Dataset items
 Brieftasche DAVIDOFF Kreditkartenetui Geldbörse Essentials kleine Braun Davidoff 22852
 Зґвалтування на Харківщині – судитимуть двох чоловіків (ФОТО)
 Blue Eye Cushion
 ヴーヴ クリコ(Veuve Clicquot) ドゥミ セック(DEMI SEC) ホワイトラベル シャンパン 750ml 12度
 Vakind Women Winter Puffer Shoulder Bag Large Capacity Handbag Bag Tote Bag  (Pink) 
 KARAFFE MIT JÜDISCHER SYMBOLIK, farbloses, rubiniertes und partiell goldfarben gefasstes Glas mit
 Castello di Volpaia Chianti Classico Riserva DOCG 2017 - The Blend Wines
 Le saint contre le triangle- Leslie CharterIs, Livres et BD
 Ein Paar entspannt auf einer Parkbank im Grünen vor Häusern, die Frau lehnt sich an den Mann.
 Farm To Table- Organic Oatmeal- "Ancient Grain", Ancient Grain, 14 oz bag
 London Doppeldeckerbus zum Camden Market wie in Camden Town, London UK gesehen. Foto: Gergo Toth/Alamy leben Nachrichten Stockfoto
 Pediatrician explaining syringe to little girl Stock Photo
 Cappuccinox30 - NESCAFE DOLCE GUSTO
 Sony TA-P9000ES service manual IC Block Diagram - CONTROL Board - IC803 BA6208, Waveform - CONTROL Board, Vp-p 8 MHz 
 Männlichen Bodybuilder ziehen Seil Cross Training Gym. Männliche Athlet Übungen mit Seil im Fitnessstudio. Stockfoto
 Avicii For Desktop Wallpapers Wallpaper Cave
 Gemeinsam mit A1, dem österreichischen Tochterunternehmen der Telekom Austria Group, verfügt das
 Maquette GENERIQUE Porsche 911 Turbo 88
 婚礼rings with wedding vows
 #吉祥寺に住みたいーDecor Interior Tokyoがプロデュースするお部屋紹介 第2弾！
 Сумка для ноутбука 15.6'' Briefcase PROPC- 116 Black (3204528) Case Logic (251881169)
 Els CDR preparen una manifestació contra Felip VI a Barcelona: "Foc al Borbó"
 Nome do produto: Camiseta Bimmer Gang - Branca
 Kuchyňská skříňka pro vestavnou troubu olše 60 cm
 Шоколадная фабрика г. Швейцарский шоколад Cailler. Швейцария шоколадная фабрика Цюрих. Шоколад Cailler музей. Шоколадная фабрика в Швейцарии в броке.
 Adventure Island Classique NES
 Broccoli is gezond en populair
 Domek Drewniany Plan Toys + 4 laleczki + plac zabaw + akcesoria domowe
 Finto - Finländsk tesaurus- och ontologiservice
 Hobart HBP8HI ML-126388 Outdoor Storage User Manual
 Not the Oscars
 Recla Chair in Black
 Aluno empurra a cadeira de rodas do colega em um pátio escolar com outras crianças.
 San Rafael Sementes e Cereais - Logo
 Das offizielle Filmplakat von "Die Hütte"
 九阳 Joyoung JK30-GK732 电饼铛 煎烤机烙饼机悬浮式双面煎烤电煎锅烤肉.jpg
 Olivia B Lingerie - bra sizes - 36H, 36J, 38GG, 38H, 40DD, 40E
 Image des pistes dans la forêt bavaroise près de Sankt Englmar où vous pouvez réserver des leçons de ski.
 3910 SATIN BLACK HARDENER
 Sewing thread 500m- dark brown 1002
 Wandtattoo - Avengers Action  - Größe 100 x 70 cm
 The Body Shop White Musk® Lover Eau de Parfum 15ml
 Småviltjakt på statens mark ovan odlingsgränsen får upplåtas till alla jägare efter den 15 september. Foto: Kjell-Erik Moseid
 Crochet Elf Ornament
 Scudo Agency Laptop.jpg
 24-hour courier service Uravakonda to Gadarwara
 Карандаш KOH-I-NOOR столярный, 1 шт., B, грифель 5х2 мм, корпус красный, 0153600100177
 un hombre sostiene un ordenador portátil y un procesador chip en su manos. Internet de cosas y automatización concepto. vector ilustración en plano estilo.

What is being asked: Using the entries shown above, reproduce verbatim the lines from the line bearing "Зґвалтування на Харківщині" to the line bearing "Kuchyňská skříňka pro", inclusive.

Completed exercise:
 Зґвалтування на Харківщині – судитимуть двох чоловіків (ФОТО)
 Blue Eye Cushion
 ヴーヴ クリコ(Veuve Clicquot) ドゥミ セック(DEMI SEC) ホワイトラベル シャンパン 750ml 12度
 Vakind Women Winter Puffer Shoulder Bag Large Capacity Handbag Bag Tote Bag  (Pink) 
 KARAFFE MIT JÜDISCHER SYMBOLIK, farbloses, rubiniertes und partiell goldfarben gefasstes Glas mit
 Castello di Volpaia Chianti Classico Riserva DOCG 2017 - The Blend Wines
 Le saint contre le triangle- Leslie CharterIs, Livres et BD
 Ein Paar entspannt auf einer Parkbank im Grünen vor Häusern, die Frau lehnt sich an den Mann.
 Farm To Table- Organic Oatmeal- "Ancient Grain", Ancient Grain, 14 oz bag
 London Doppeldeckerbus zum Camden Market wie in Camden Town, London UK gesehen. Foto: Gergo Toth/Alamy leben Nachrichten Stockfoto
 Pediatrician explaining syringe to little girl Stock Photo
 Cappuccinox30 - NESCAFE DOLCE GUSTO
 Sony TA-P9000ES service manual IC Block Diagram - CONTROL Board - IC803 BA6208, Waveform - CONTROL Board, Vp-p 8 MHz 
 Männlichen Bodybuilder ziehen Seil Cross Training Gym. Männliche Athlet Übungen mit Seil im Fitnessstudio. Stockfoto
 Avicii For Desktop Wallpapers Wallpaper Cave
 Gemeinsam mit A1, dem österreichischen Tochterunternehmen der Telekom Austria Group, verfügt das
 Maquette GENERIQUE Porsche 911 Turbo 88
 婚礼rings with wedding vows
 #吉祥寺に住みたいーDecor Interior Tokyoがプロデュースするお部屋紹介 第2弾！
 Сумка для ноутбука 15.6'' Briefcase PROPC- 116 Black (3204528) Case Logic (251881169)
 Els CDR preparen una manifestació contra Felip VI a Barcelona: "Foc al Borbó"
 Nome do produto: Camiseta Bimmer Gang - Branca
 Kuchyňská skříňka pro vestavnou troubu olše 60 cm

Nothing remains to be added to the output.